A Data Science Central Community
Benzene (C6H6) is the last fundamental chemical compound to have had is atomic structure uncovered. This discovery led the path to
Big innovation in combinatorial chemistry today is rooted in the discovery and understanding of complex, unusual, bizarre atomic structures such as Benzene, and the application of advanced analytic principles.
Let's start with a scratch course in chemistry (section 1). Then I'll explain how analytics helps create these incredibly powerful and useful new technologies (section 2).
1. Basic Chemistry Tutorial
Molecules are made of atoms. Atoms are the "prime number" entities that generate all the molecules. There are about 100 types of atoms in our universe, ordered by their atomic number: for a comprehensive list, check out the periodic table of elements. Molecules that contain at least two different types of atoms are called compounds.
Examples of atoms include H (Hydrogen), C (Carbon), O (Oxygen), Cl (Chlorine), Na (Sodium). Example of compounds include C6H6 (benzene), H2O (water), NaCl (salt), CH4 (methane).
With the 100 or so fundamental atoms, one can create an infinite number of molecules, and a finite number (say f(n)) of molecules with exactly n atoms. Note that benzene molecules have 12 atoms (6 carbon + 6 hydrogen), water have 3, salt have 2 and methane have 5. Also, the function f(n) grows incredibly fast, much faster than exponential. The possibilities for new molecule creations (that is, combination of atoms) are endless. The word combinatorial chemistry has been used in this context.

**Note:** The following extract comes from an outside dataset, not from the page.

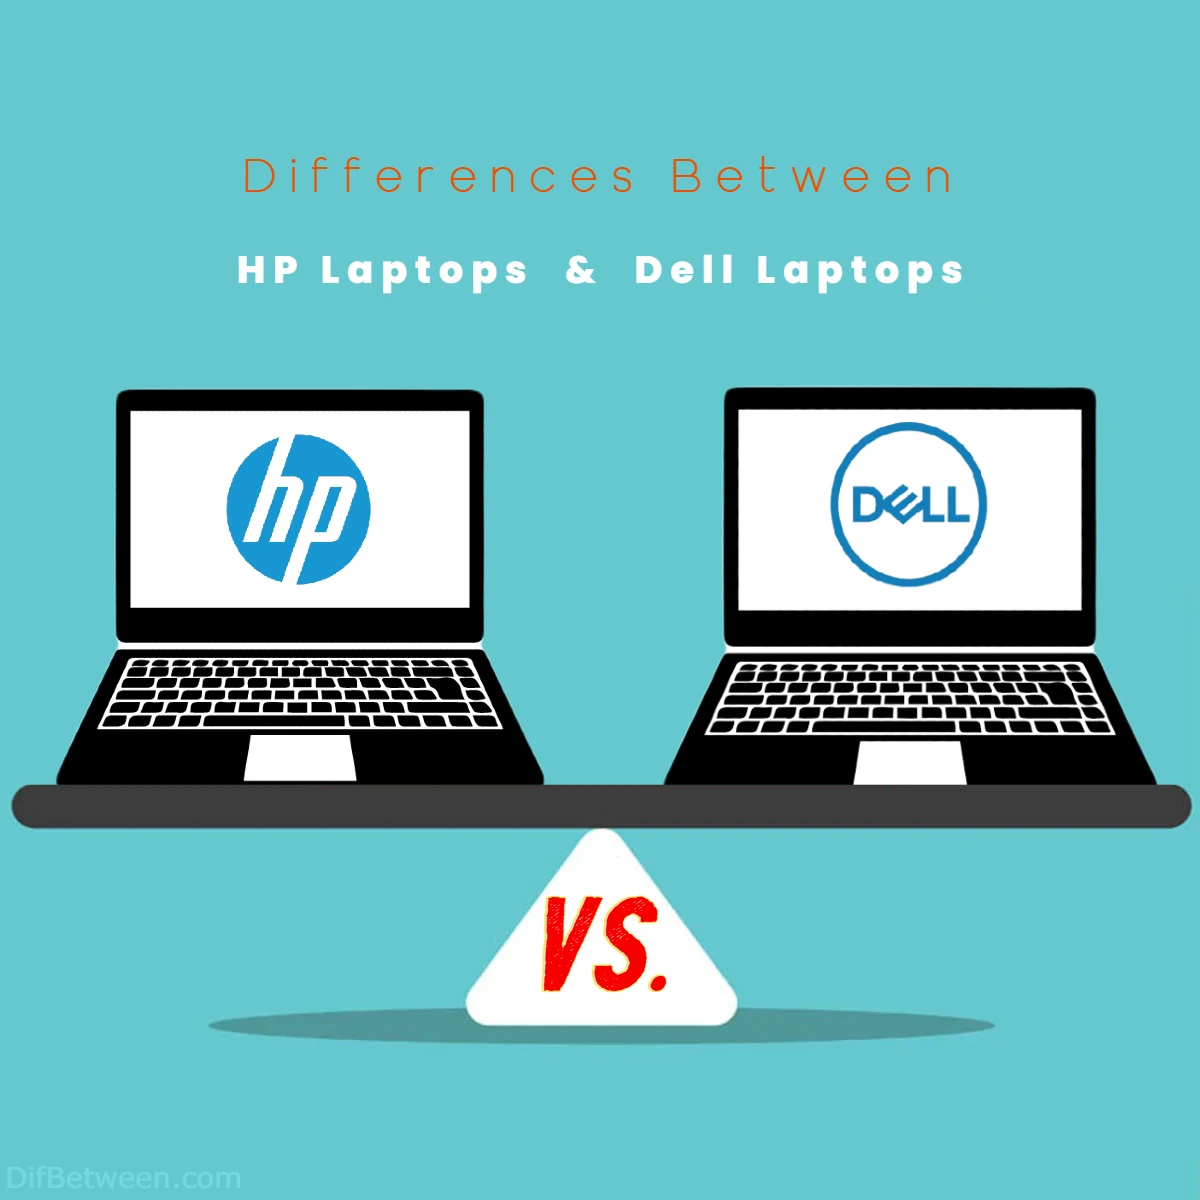 Differences Between HP vs Dell Laptops

Organic chemistry is about molecules that contain H, O, C (in any quantity) and no other atoms. Not all combinations are permitted or stable, for instance HO does not exist, while H2O does.
What determines if a molecule exists or not is based on the number of electrons on the outermost layer of each of its individual atoms, and whether or not bonds can be created to (ideally) have the equivalent 8 electrons on the outermost layers by sharing electrons with adjacent atoms within the molecule..

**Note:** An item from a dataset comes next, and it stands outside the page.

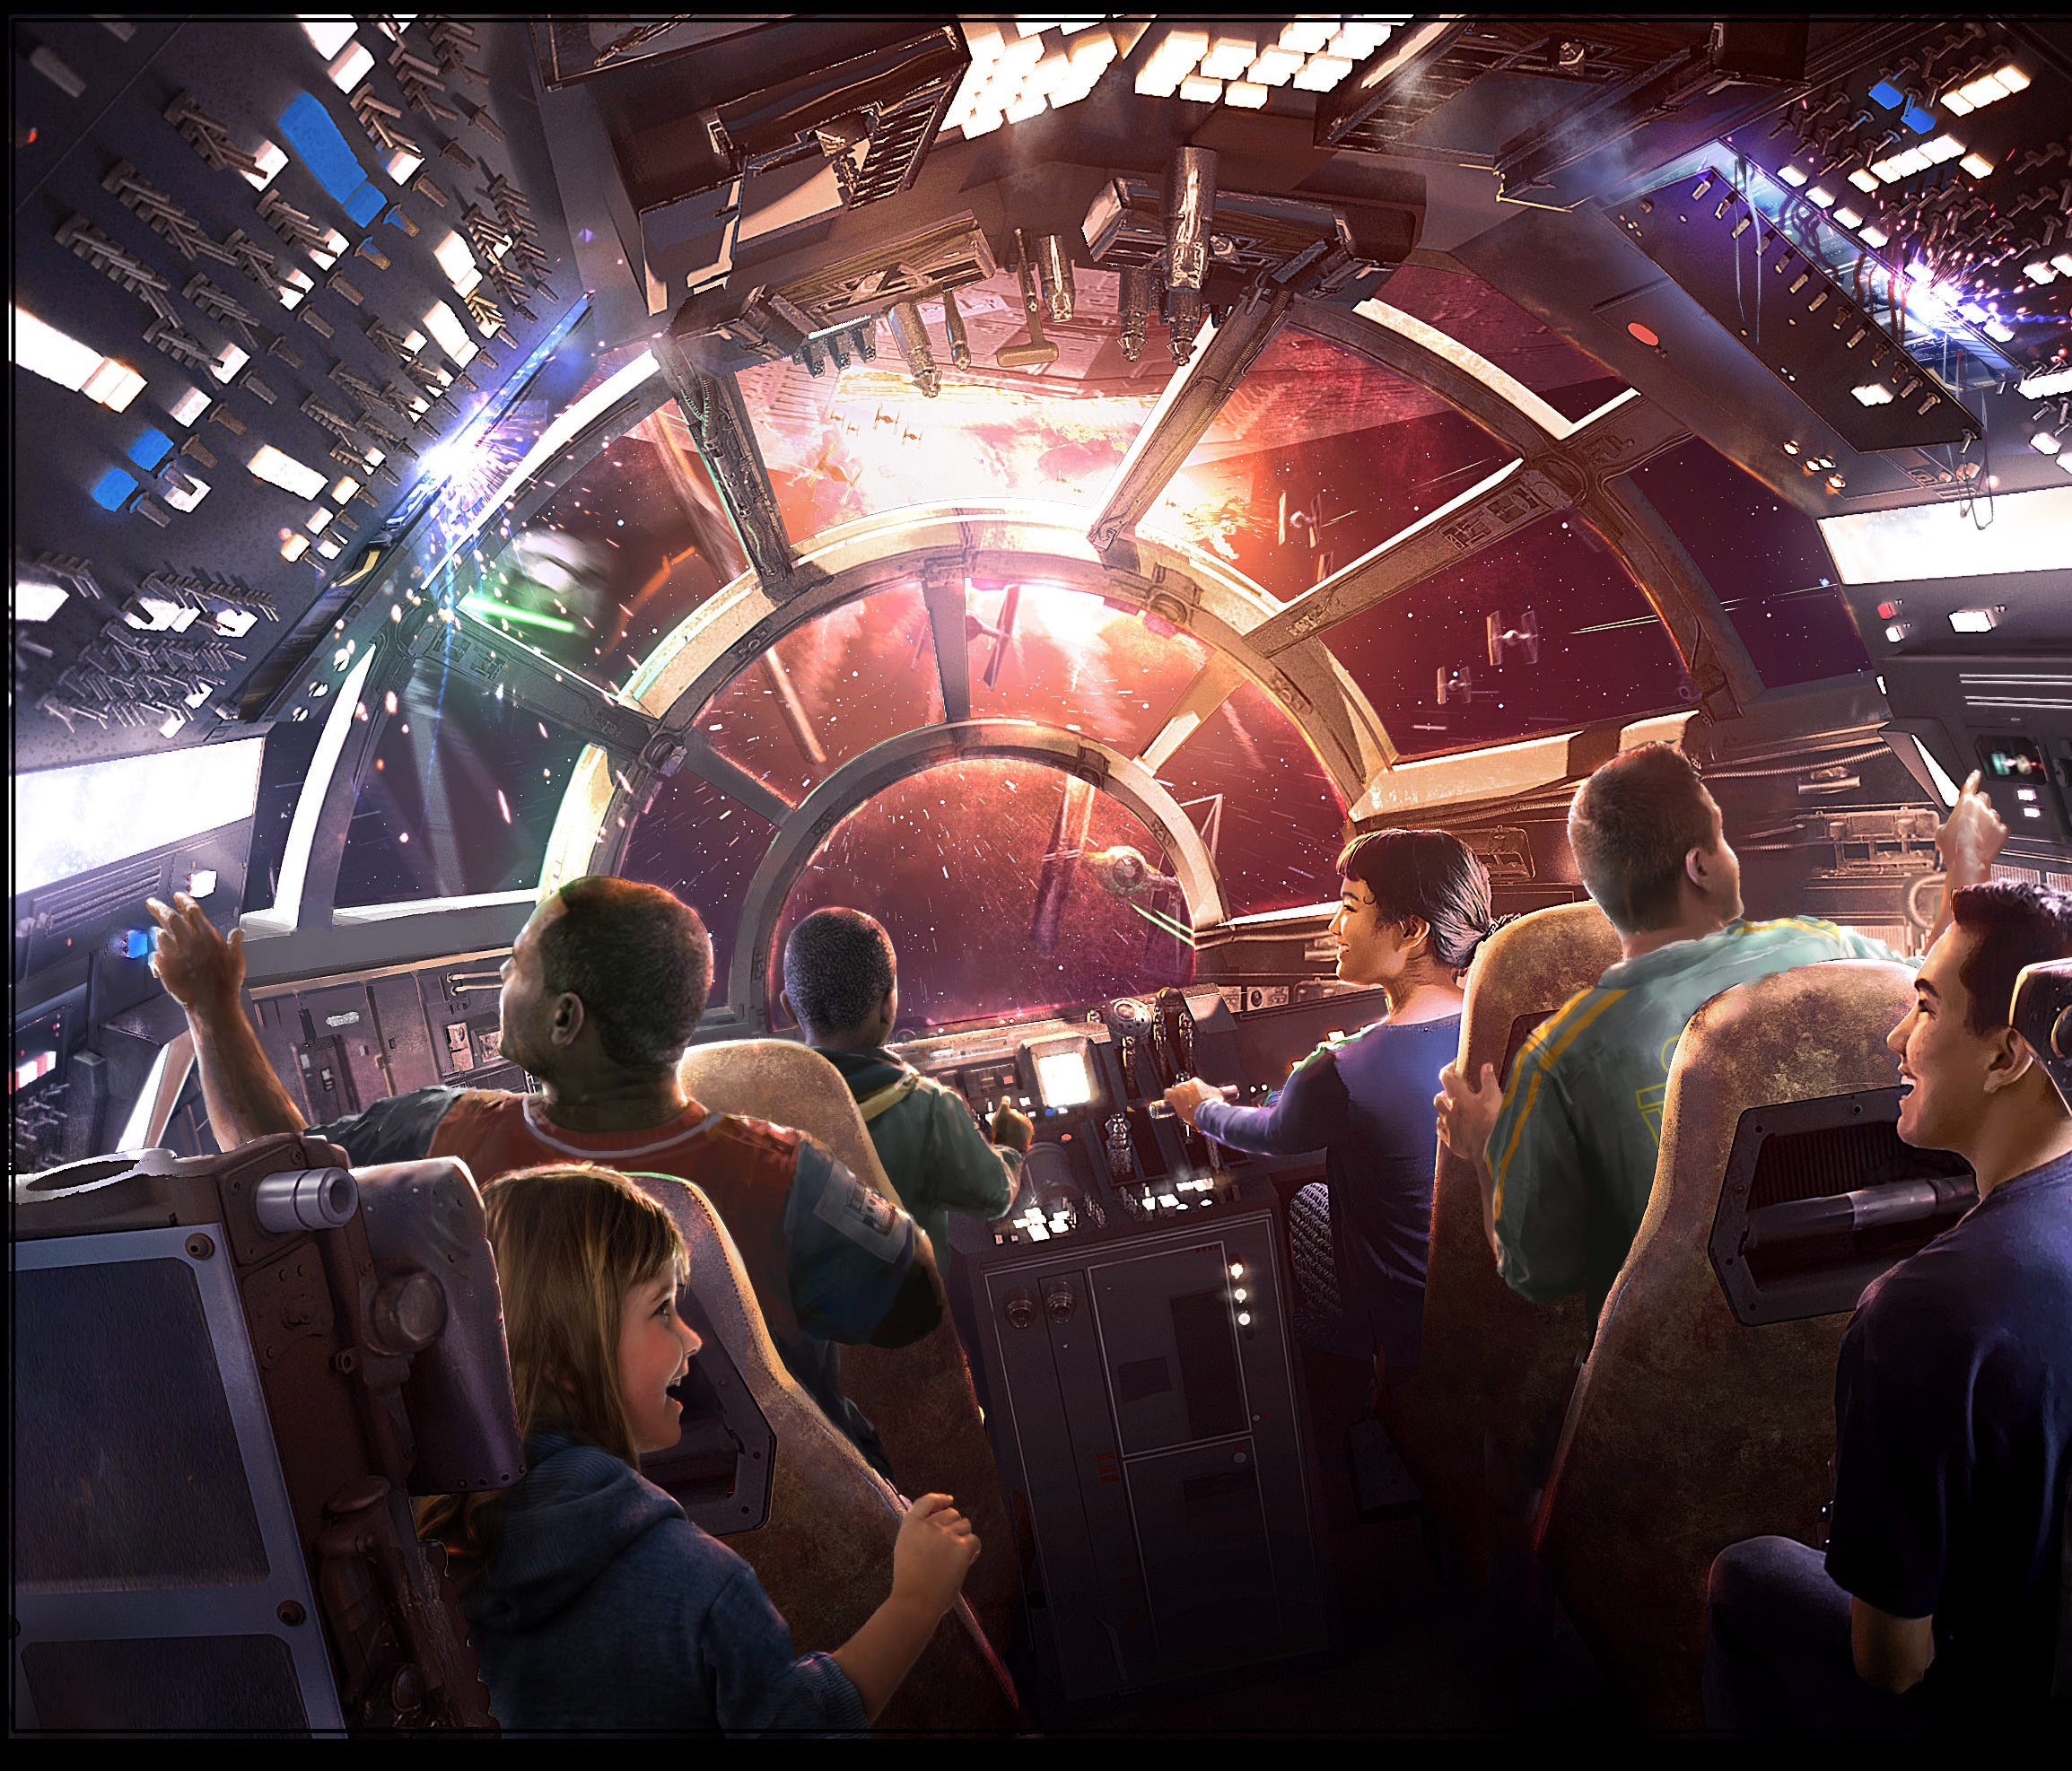 AT D23 EXPO 2017, DISNEY PARKS CHAIRMAN BOB CHAPEK ANNOUNCES NEW DETAILS OF ATTRACTIONS PLANNED FOR STAR WARS: GALAXYÕS EDGE -- Walt Disney Parks & Resorts Chairman Bob Chapek shared new details and a glimpse inside the two attractions planed for Sta

Bonds can be single, double, triple or quadruple.
Examples of bonding: water (H2O) at the top, salt (NaCl) at the bottom
When Na (Sodium) and Cl (Chlore) bond together to form NaCl (Salt), the isolated Na electron on the outermost layer bond to the outermost layer of the Cl atom, and equilibrium (8 atoms on the outermost layer) is reached. Same with water.

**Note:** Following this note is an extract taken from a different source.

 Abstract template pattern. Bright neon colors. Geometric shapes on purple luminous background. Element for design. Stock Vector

2. The Analytic Path to Innovation
Now let's discuss the two applications introduced earlier.
A test for data science applicants
First, stop reading, and answer the following question: how can benzene be represented, given its formula C6H6, and the bonding constraints described above? Everything you need to answer this question is explained above. It is indeed a difficult question - the kind that Google would love to ask to future hires, and it took decades before a solution was eventually found. (I provided the answer in the picture at the bottom; a line segment represents a single bond; a double line segment represents a double bond)
2-D organic molecules
Drug companies have been among the first to realize that it could make sense to create a catalog of all the potential molecules of at most n atoms, each atom being either H, C or O. These millions of potential molecules can be easily clustered (using statistical clustering techniques) and their medicinal properties can be guessed even before the first one is manufactured, or even if it can't be manufactured. Currently, about 100,000 such molecules are created each year, with the help of computer simulation.
3-D carbon molecules
What if instead of using H, O and C, you use just C alone? Can you create C2, C3, C4, and so forth? Which C's can you create, which ones can not exist?
Turns out that this is a very difficult question. Instead of creating planar molecules, you must consider molecules with a 3-dimensional atomic structure. The first to be discovered was buckminsterfullerene (C60) in 1985. The atomic structure (sphere) looks like a soccer ball. I'm not sure it has any value, but it led to the discovery of a famous class of (cylinder) carbon molecules called nanotubes, the most notorious being C74. These molucles are about to create a new industribal revolution, with the creation of incredibly strong light (one atom thick!!) cables with incredible thermal and electrical properties.